Les Immortels meurent aussi et même un peu plus souvent que les autres puisque Hélène Carrère d’Encausse, son secrétaire perpétuel, a comptabilisé deux et demi de chers disparus par an. C’est la raison pour laquelle trois ou quatre fauteuils sont toujours vacants sur les quarante prévus par Richelieu depuis 1635. Il faut dire que, dans cette vénérable institution, unique au monde, indépendante, la valeur attend le nombre des années. Outre la fameuse séance hebdomadaire du dictionnaire (on en est à la lettre Q), les académiciens doivent trouver du temps pour lire les livres en lice pour les prix littéraires et participer aux travaux en cours. Depuis Marguerite Yourcenar, grâce à Jean d’Ormesson, les femmes y ont droit de cité. On peut s’amuser du protocole quelque peu suranné des réceptions en habit vert, de l’épée, de l’hommage à son prédécesseur, mais il est peu d’organisations humaines qui résistent aussi bien au temps depuis près de quatre siècles.

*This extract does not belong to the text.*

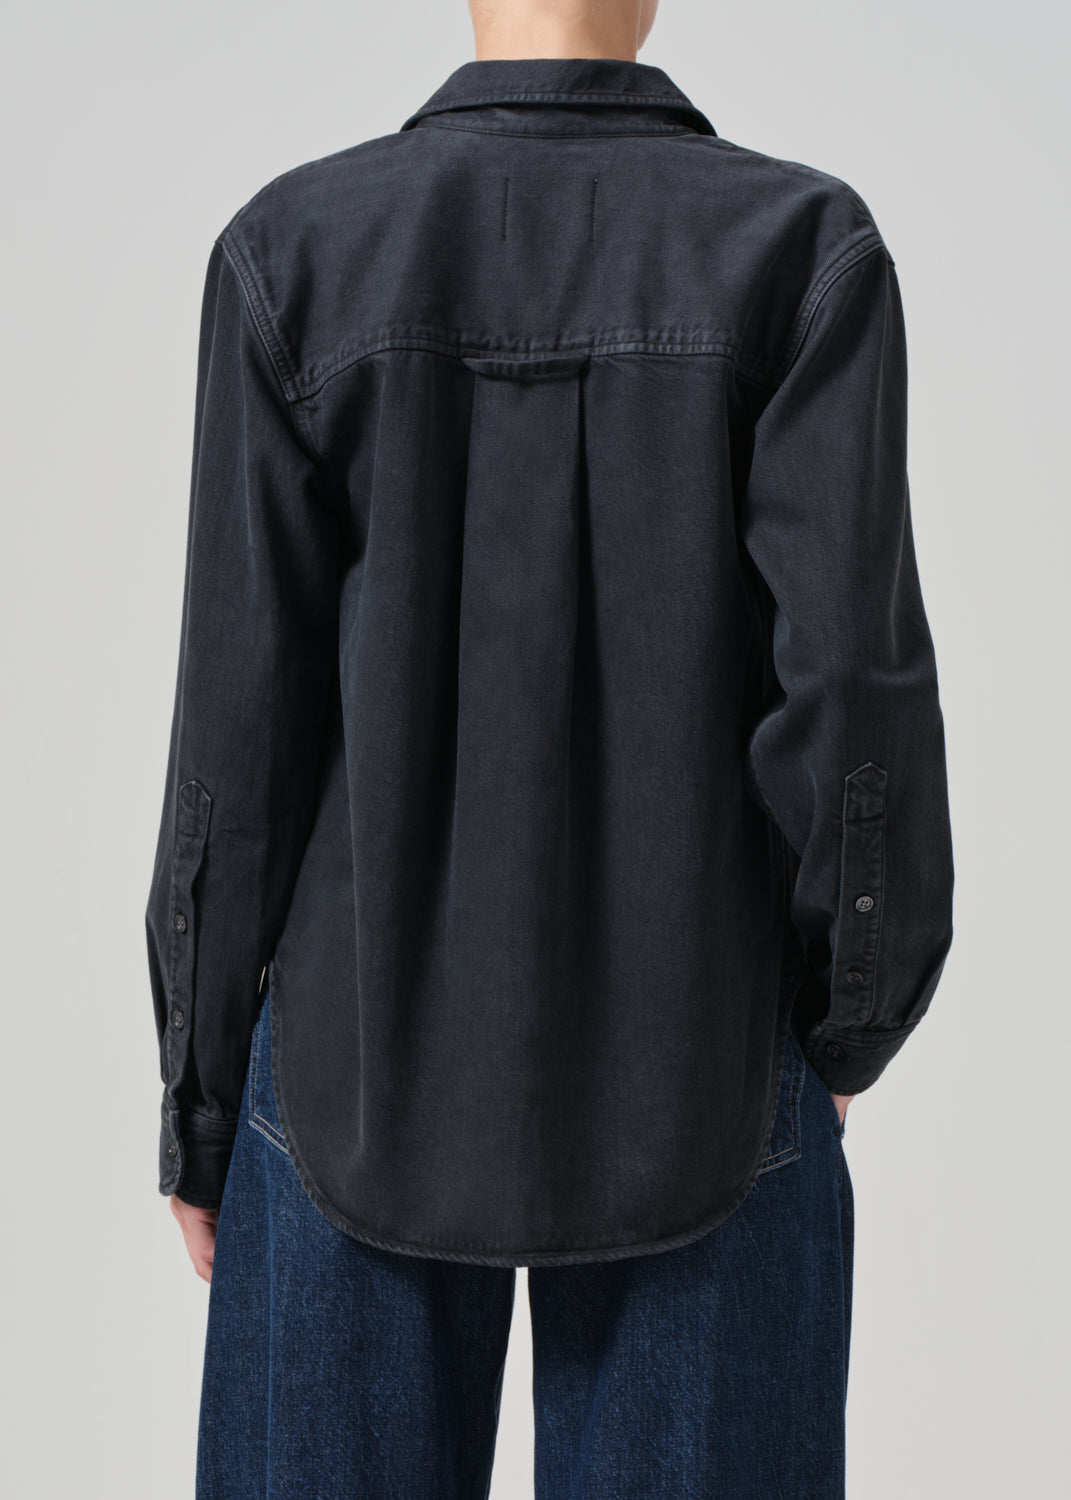 Baby Shay Shirt in Washed Black back

On peut discuter les choix des élus appelés à siéger sous la coupole, mais, ainsi qu’à L’Orchestre philharmonique de Vienne, le but n’est pas d’accueillir forcément les meilleurs écrivains ou les meilleurs musiciens, mais ceux qui défendront la langue dans sa diversité intrinsèque et qui serviront au mieux l’idée d’une certaine tradition tout en la renouvelant doucement.

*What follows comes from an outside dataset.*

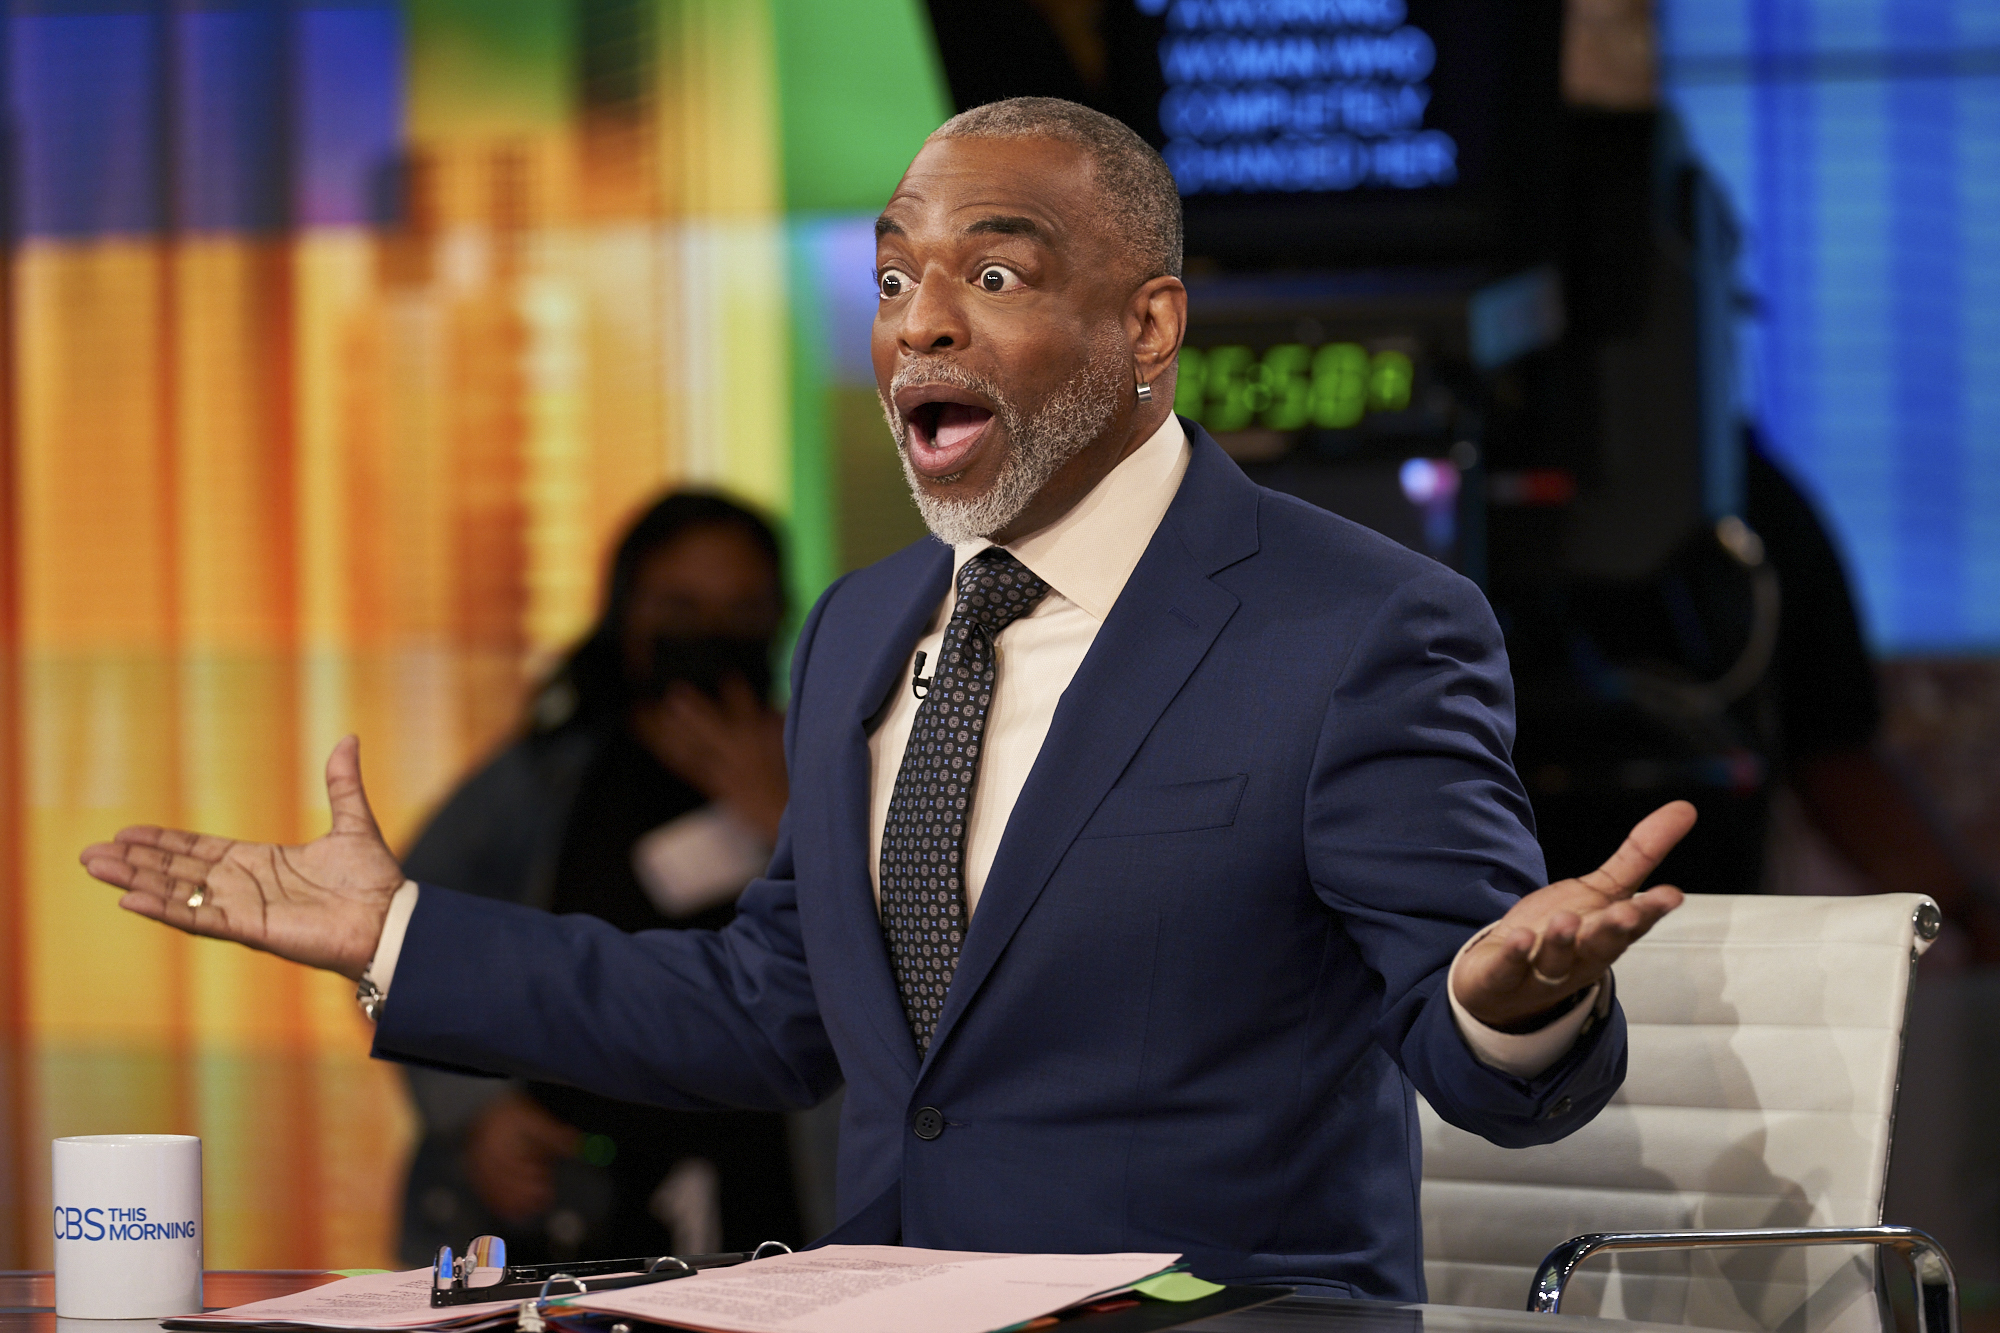 LeVar Burton joins Gayle King and Anthony Mason as a guest host on 'CBS This Morning'

Voici le programme d’Hélène Carrère d’Encausse :
– La petite musique de nuit Mozart
– Guerre et Paix de Prokofiev
– La ballade en sol mineur opus 23 Chopin
– Le boléro Ravel
En ce qui concerne les trois « madeleines » :
– La truite Schubert
– Le beau Danube bleu Strauss
– Carmen Bizet en particulier Toréador.